What to produce >>
Given the records underneath, please repeat exactly the lines from the line with "Northern Palm Squirrel" through the line with "Simone Weil Quote", passing over any picture.

Supplied material >>

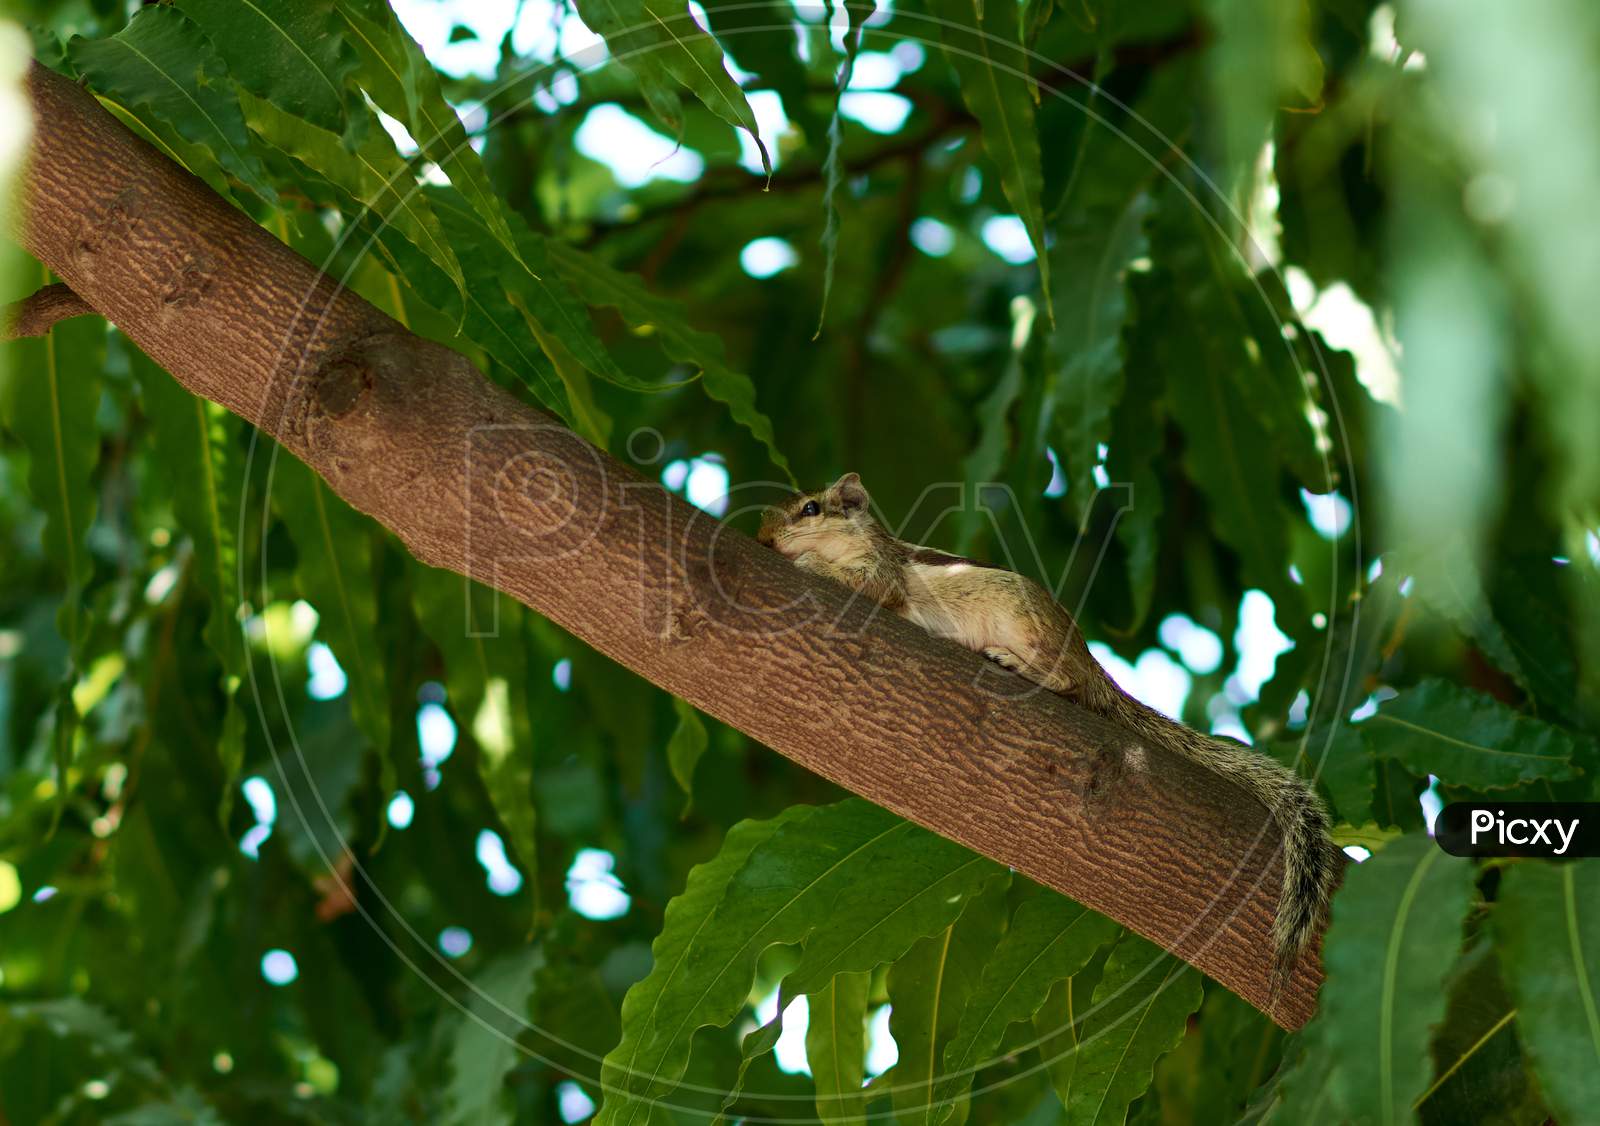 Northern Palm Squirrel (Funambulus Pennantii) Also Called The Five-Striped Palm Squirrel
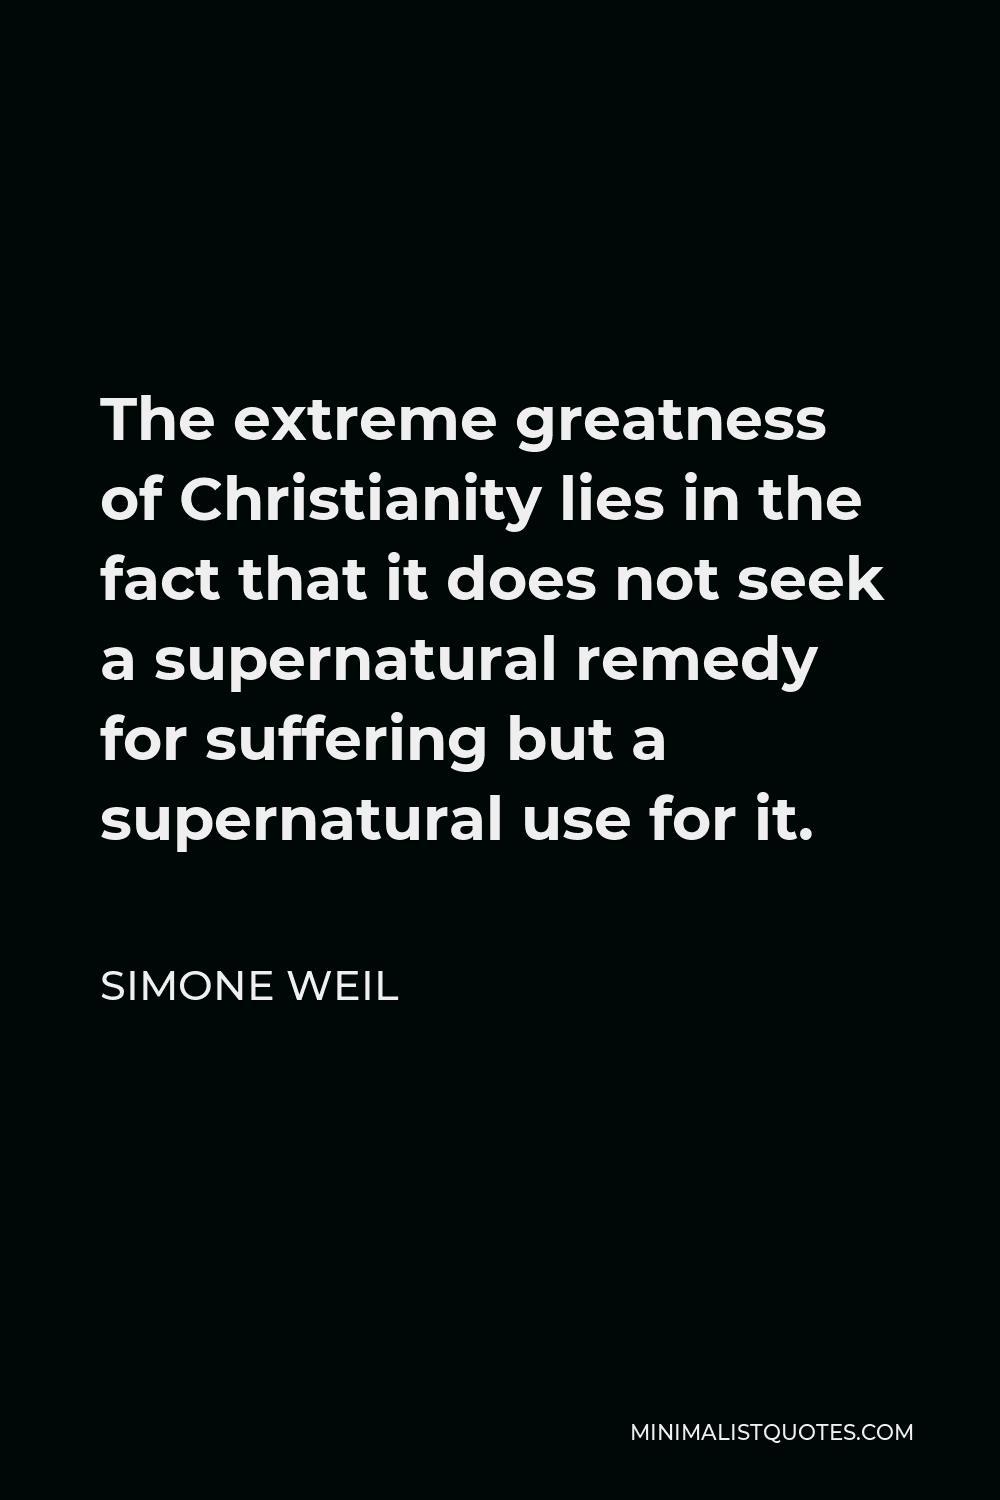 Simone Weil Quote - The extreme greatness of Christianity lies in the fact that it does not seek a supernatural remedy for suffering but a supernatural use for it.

...

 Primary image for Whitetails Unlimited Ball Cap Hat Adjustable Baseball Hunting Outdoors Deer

Written answer >>
 Northern Palm Squirrel (Funambulus Pennantii) Also Called The Five-Striped Palm Squirrel
 Simone Weil Quote - The extreme greatness of Christianity lies in the fact that it does not seek a supernatural remedy for suffering but a supernatural use for it.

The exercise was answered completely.